Melanoma Predisposition via the CDK4 Gene

Melanoma is a malignant tumor that originates in melanocytes, a specialized cell type that produces melanin pigments that determine skin, hair and eye color (Lin and Fisher. Nature 445:843–850, 2007). Over the past few decades there has been a rise in the incidence of melanoma due to improved awareness leading to additional diagnoses and to lifestyle changes that have resulted in an increase in sun exposure (Mehnert and Kluger. Curr Oncol Rep 14:449–457, 2012). Most melanomas occur as sporadic cases with no recognized familial component; however, melanoma appears to be twice as common in people with an affected parent, three times as common if a sibling is affected, and nine times as common if both a parent and a sibling are affected (Hemminki et al. J Invest Dermatol 120:217–223, 2003). Familial clustering is likely the result of genetic and environmental factors. Heritable alleles for melanoma susceptibility range from high-risk, high-penetrance alleles that are rare, to low-risk, low-penetrance alleles that are rather ubiquitous (Nelson et al. Clinics in Dermatology 27, 46–52, 2009). Mutations in the highly penetrant CDKN2A, and less commonly the CDK4 gene, are responsible for the majority of predisposition to melanoma cases. CDK4 mutations appear to be associated with a similar median age at melanoma diagnosis as CDKN2A mutations (i.e. 36 years) (Meyle at al. Hum Genet 126:499–510, 2009; Goldstein et al. Cancer Res 66:9818–9828, 2006).

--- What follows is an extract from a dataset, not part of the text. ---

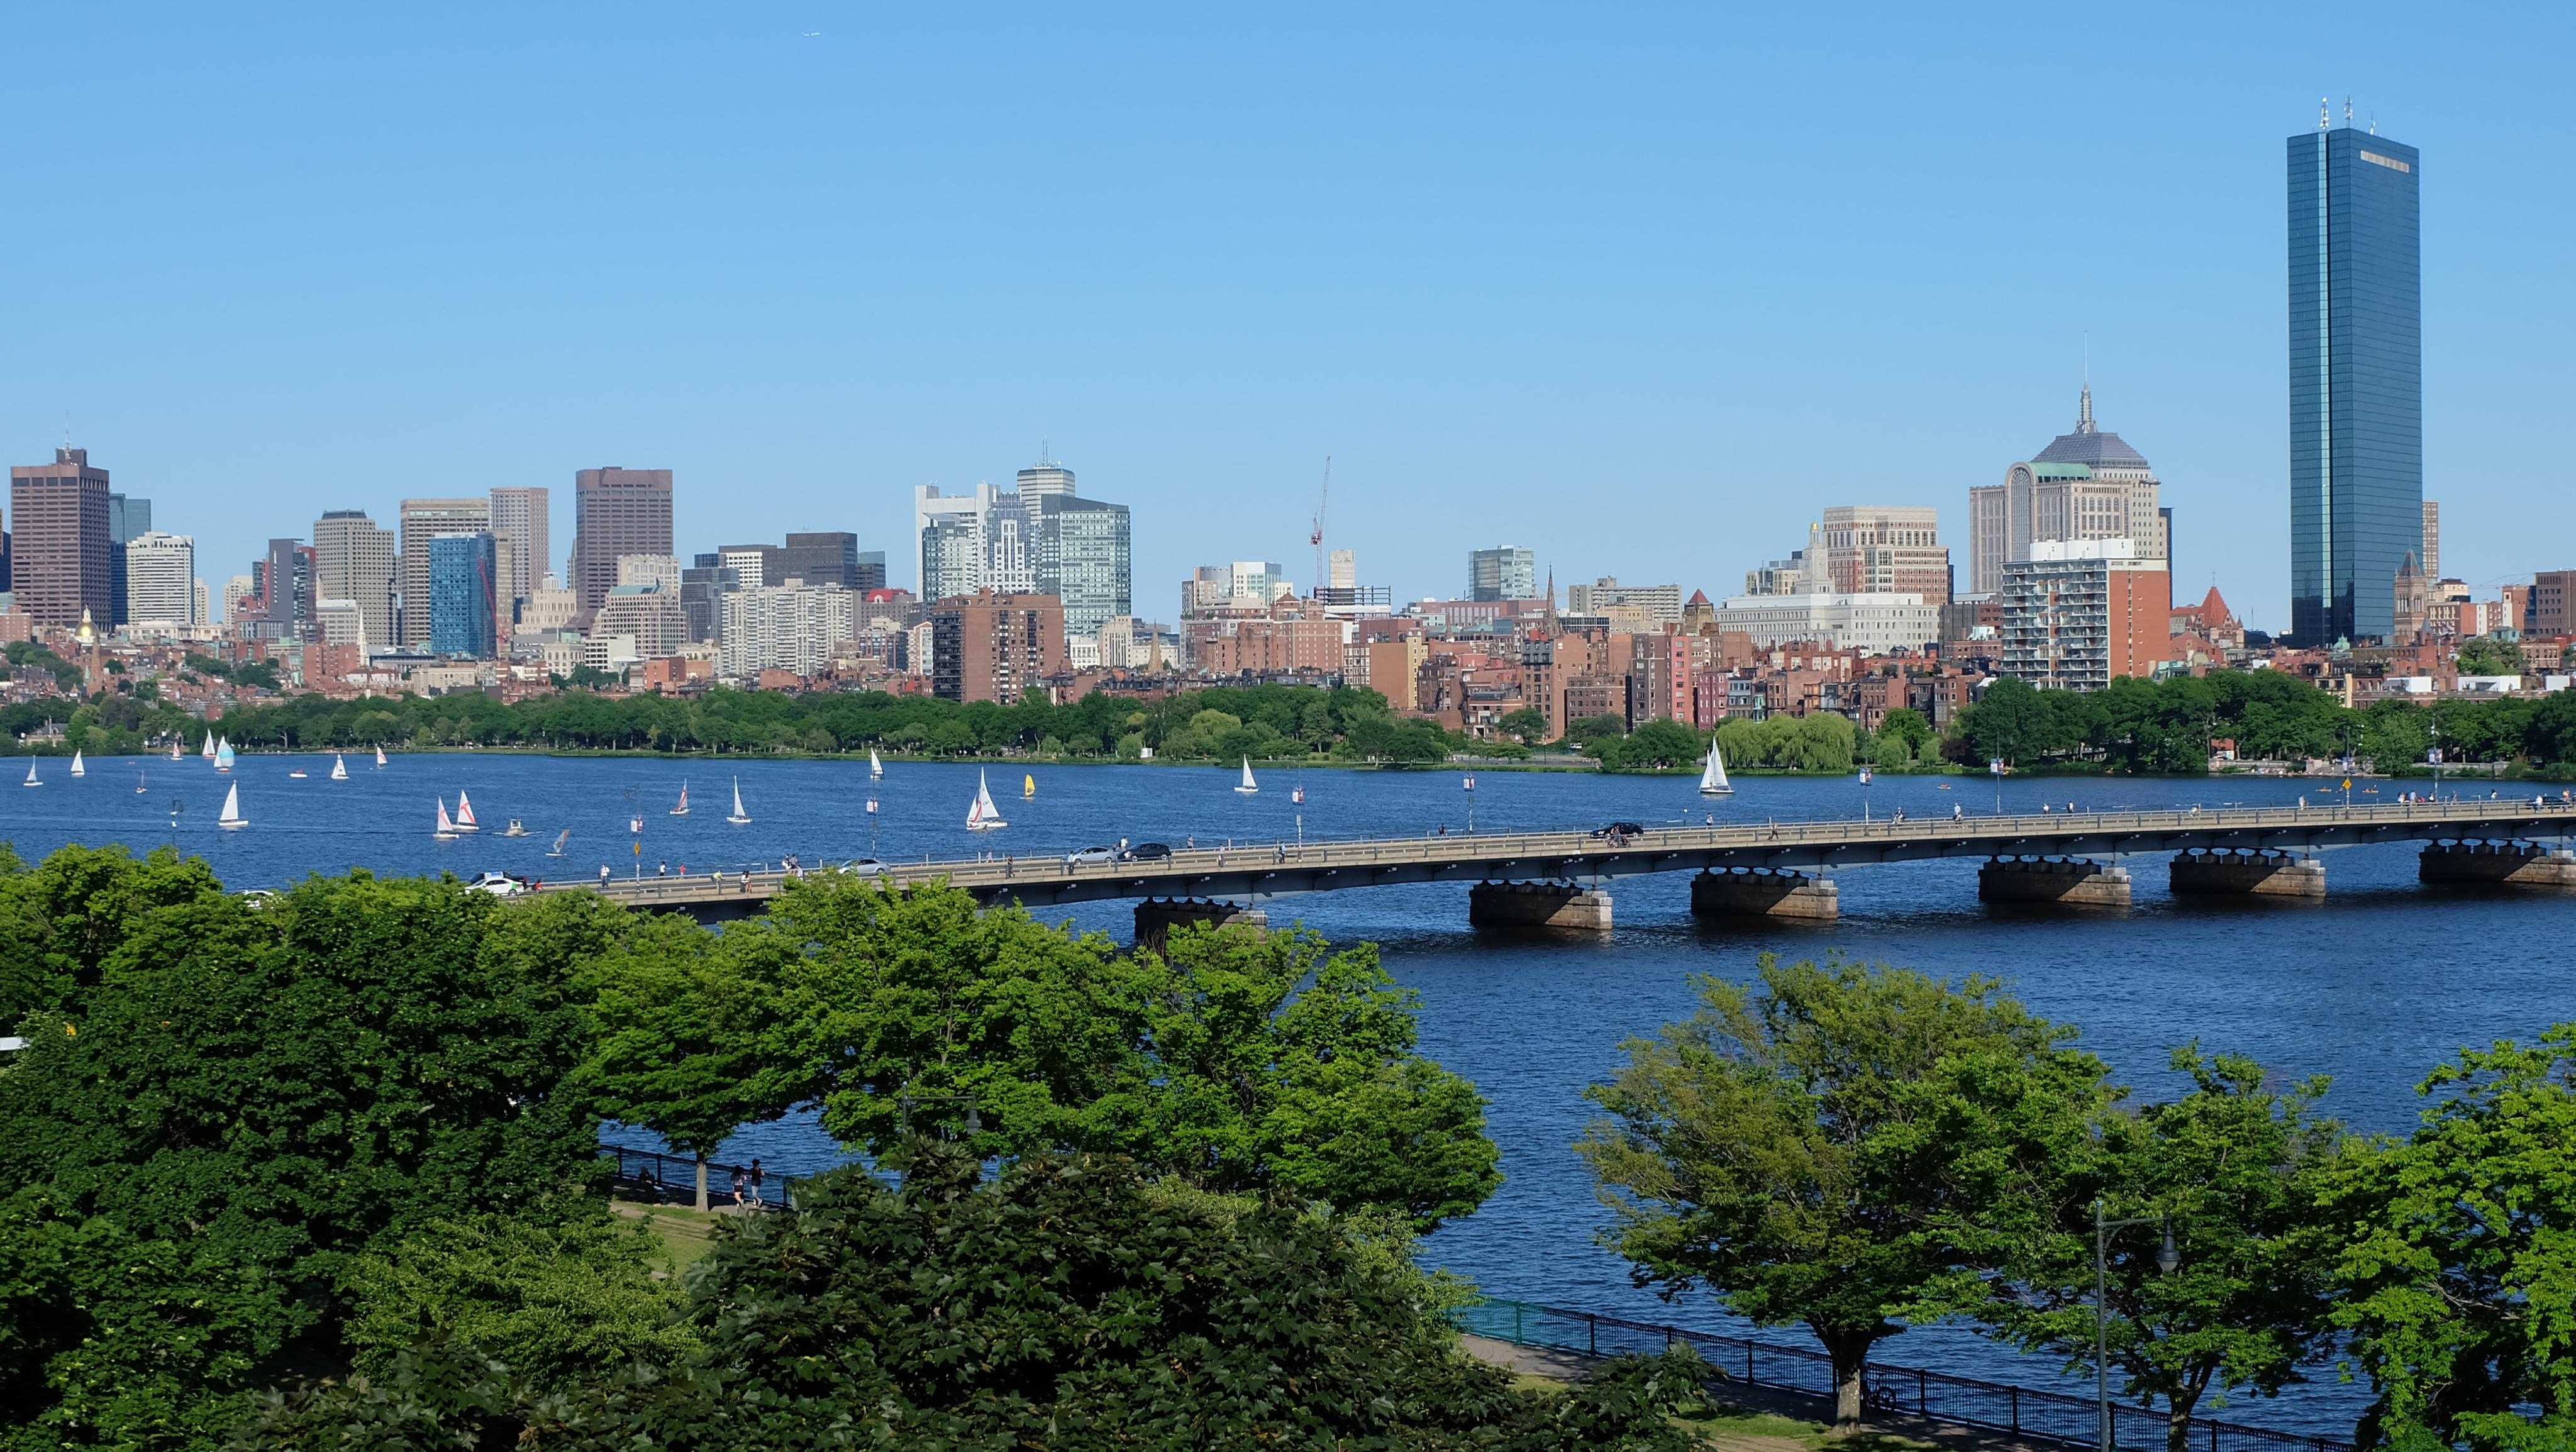 望向对岸的downtown,便能尽收波士顿查尔斯河两岸的盛世美景

Melanoma predisposition is inherited in an autosomal dominant manner. The strongest genetic risk for the development of melanoma results from heritable alterations in the cyclin-dependent kinase inhibitor 2A (CDKN2A) gene, however mutations in the CDK4 gene have been reported. CDK4 is an oncogene that encodes a protein kinase. The two most common CDK4 mutations leading to melanoma are both at codon 24 (ie, Arg24Cys and Arg24His). Mutations in CDK4 are therefore oncogenic alleles, with only a single mutation necessary to result in tumorigenesis (Nelson et al. Clinics in Dermatology 27, 46–52, 2009). The function of the upstream p16/INK4a protein is to inhibit CDK4/6 protein-mediated phosphorylation of the Rb (Retinoblastoma) protein; p16/INK4a therefore keeps the Rb protein dephosphorylated, which is the active state of Rb. Mutated CDK4 protein is resistant to the inhibition of p16/INK4a (Ibrahim et al. Annu. Rev. Pathol. Mech. Dis. 4:551-579, 2009), thus causing the phosphorylation of the Rb protein, which leads to release of the bound transcription factor, E2F, which then allows the cell to undergo unregulated cell division leading to the development of melanoma.

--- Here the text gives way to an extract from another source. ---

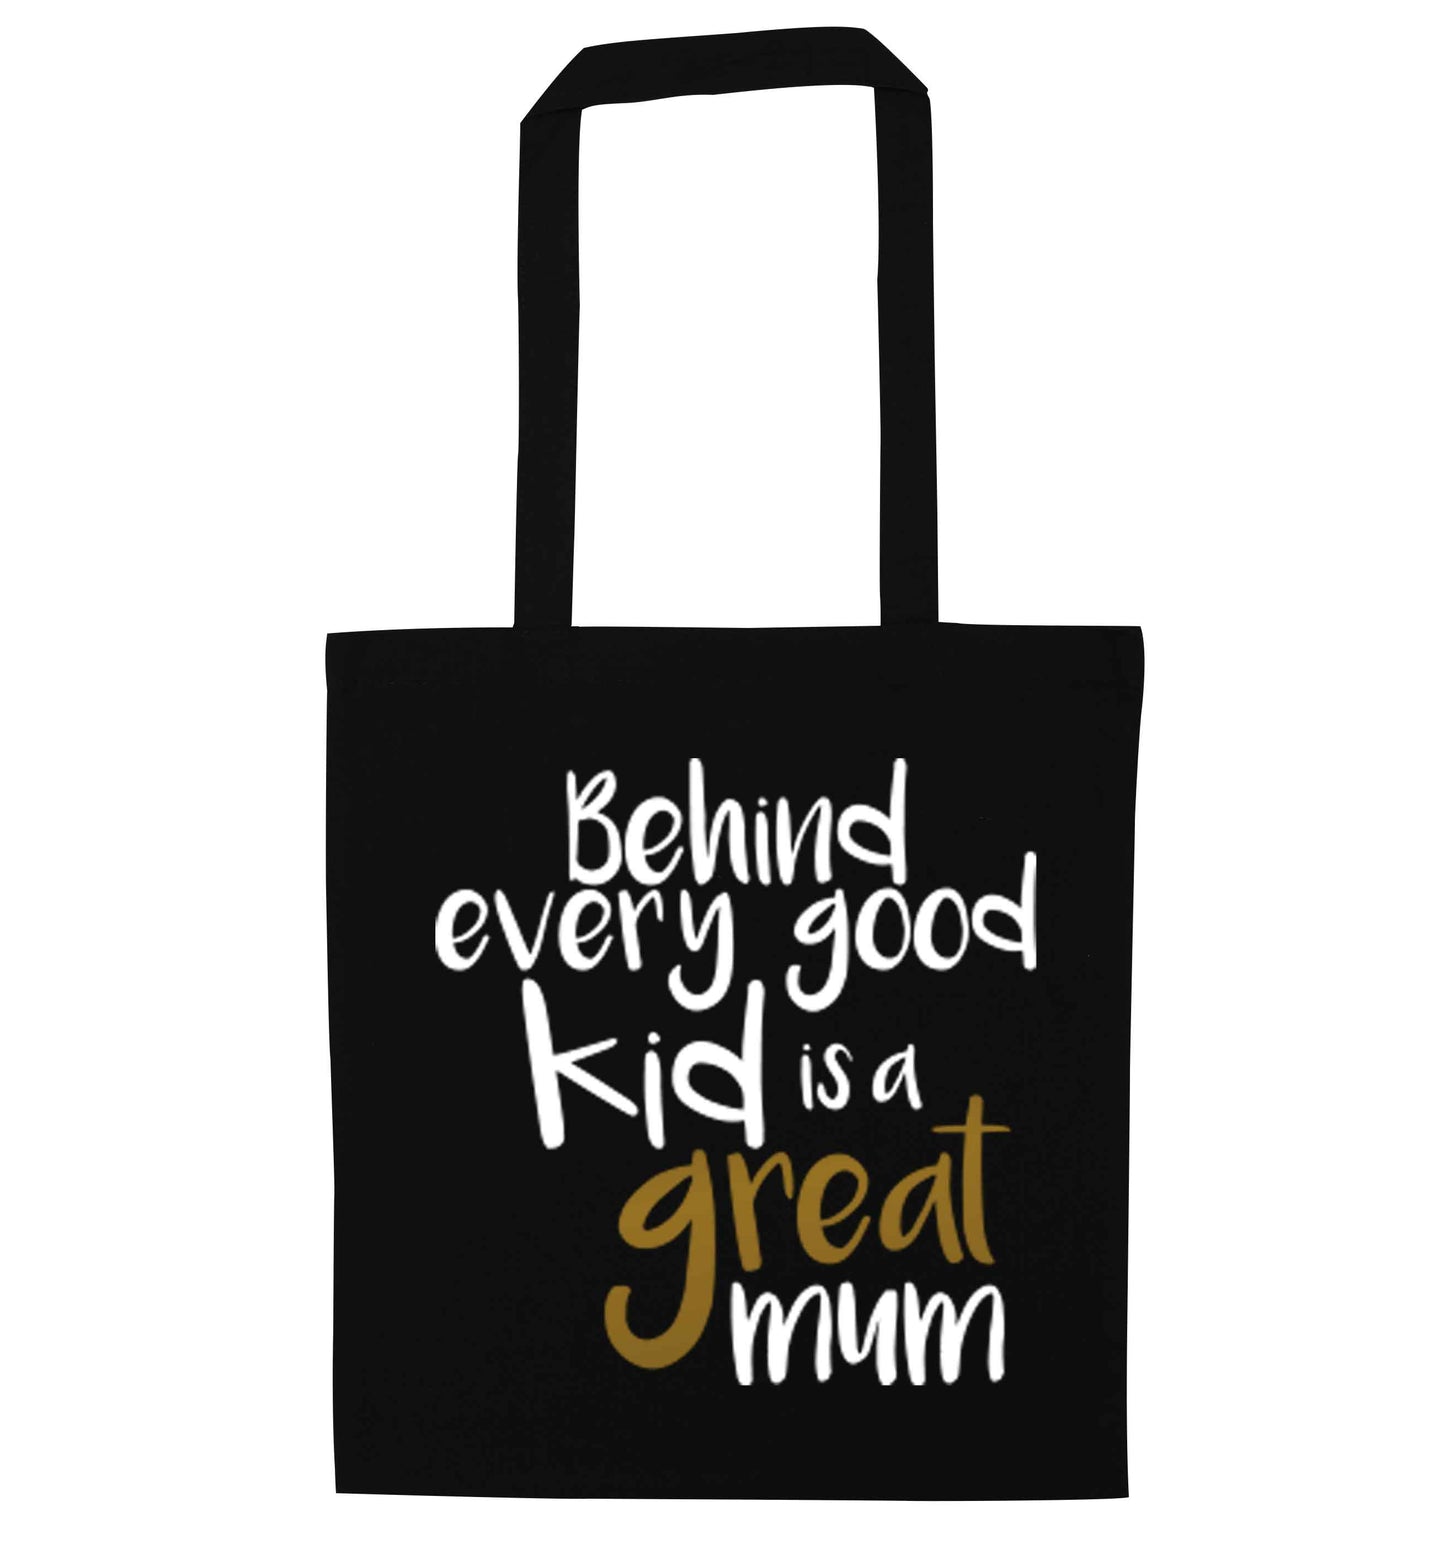 Behind every good kid is a great mum black tote bag

Only 2% of the families in the Geno-MEL study carried CDK4 mutations (Goldstein et al. Cancer Res 66:9818–9828, 2006), and less than 15 families have been reported worldwide (Meyle at al. Hum Genet 126:499–510, 2009). To our knowledge, no causative copy number variants have been reported in the CDK4 gene.

This test provides full coverage of all coding exons of the CDK4 gene, plus ~10 bases of flanking noncoding DNA. We define full coverage as >20X NGS reads or Sanger sequencing.